While Ryan paid the ultimate price for the mixing of social media and driving, he is certainly not alone in that behavior. The act of sending text messages while driving is so prevalent that at least nineteen states have already created laws banning the practice.

And I’m not pointing thumbs here. Have I ever checked email, read incoming tweets or responded to a text message while behind the wheel of a car? Yes. I’m usually at a stoplight or stuck in motionless traffic when I actually use my phone’s virtual keyboard. That factor might make might my behavior slightly less risky, but it doesn’t make it any less stupid.

While I can imagine either sending or receiving a message so pressing that an action would have to be taken at that very moment, I’ve never actually experienced such a scenario. The urgency that drives me to check Twitter or read an email while in the car is entirely a creation of my own mind.

All of this data can wait until later – and much of it can wait until never.

The temptation for drivers to participate in the realtime, social stream will only increase in coming years as Twitter, Facebook and other apps are built into our dashboards. Car manufacturers will attempt to include safeguards into their systems to prevent drivers from actually texting with one hand while they steer with the other. But the inclusion of the realtime web in our cars will be one more powerful suggestion that the information in the stream is so urgent and critical that it can’t wait until you park the car.

And drivers aren’t the only distracted folks on the road. Take a few commute-hour drives down 2nd Street in San Francisco and you’ll see what I mean. They are everywhere: Pedestrian zombies walking across the middle of a four lane road with their attention glued to a handheld. The compulsion to keep up with the stream has become so powerful that we’re gradually abandoning one of the first and most basic rules we all learned as kids. Instead of looking both ways before we cross the street, we look one way; down at our phones.

And what’s the point? Just because the technology is realtime doesn’t mean our behavior always has to be. Forget the obvious issues like walking into an intersection or driving off the road. When it comes to the net, we’re habitually guilty of LUI (Living Under the Influence). We sacrifice real life for realtime. We tweet vacation photos while we’re still on vacation. We share anecdotes about our kids when we’re spending time with them. And yes, we read and publish content from the driver’s seat of our cars.

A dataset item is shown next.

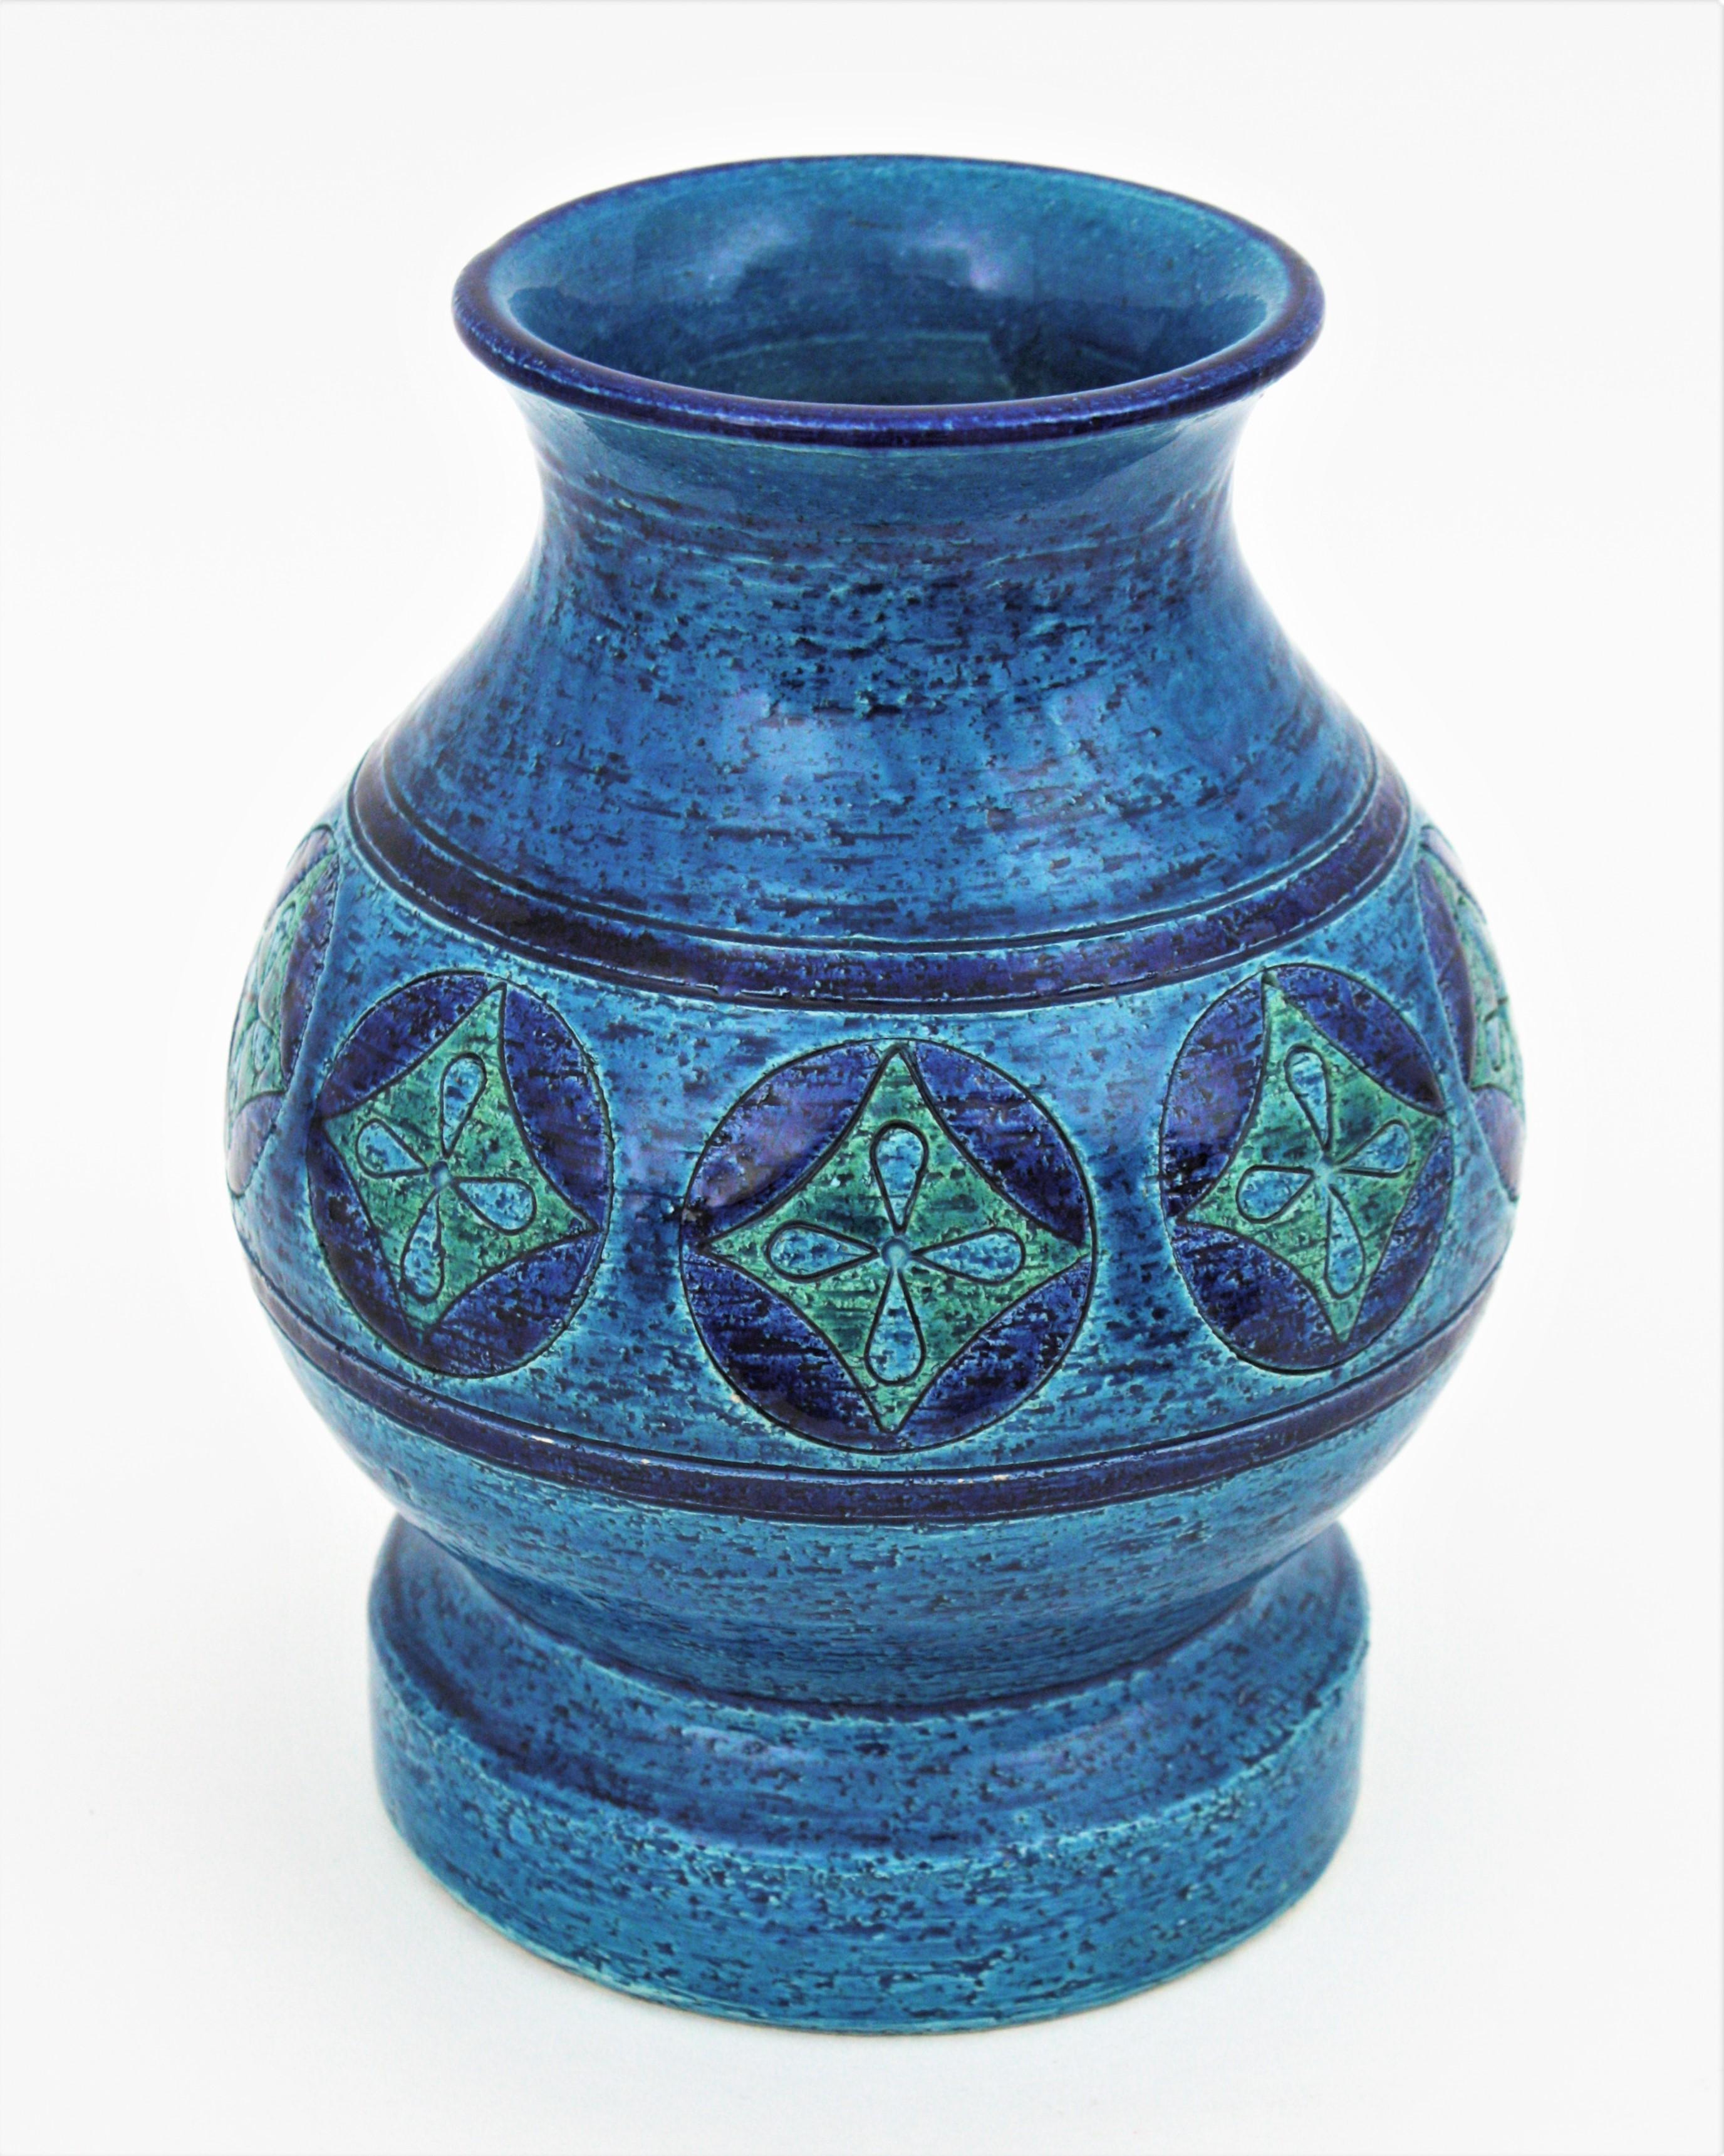 Bitossi Aldo Londi Rimini Blu Keramikvase, Italien, 1960er Jahre (20. Jahrhundert) im Angebot

Let me speak for everyone you have ever met, from a recent acquaintance to your closest relative: We can wait until you get home to see the photos from your vacation. You can share the funny anecdote about your kids after they’ve gone to bed. And nothing you’ve ever tweeted or shared is urgent enough for you do it while driving.

I’m not arguing that pressing the stream’s pause button is an easy thing to do. The internet twitch is a powerful force. But it’s worth taking a hard look at our behavior now because the omnipresence of the realtime web will only increase. We should probably try to figure out how to best manage that reality now because there are plenty of cliffs up ahead.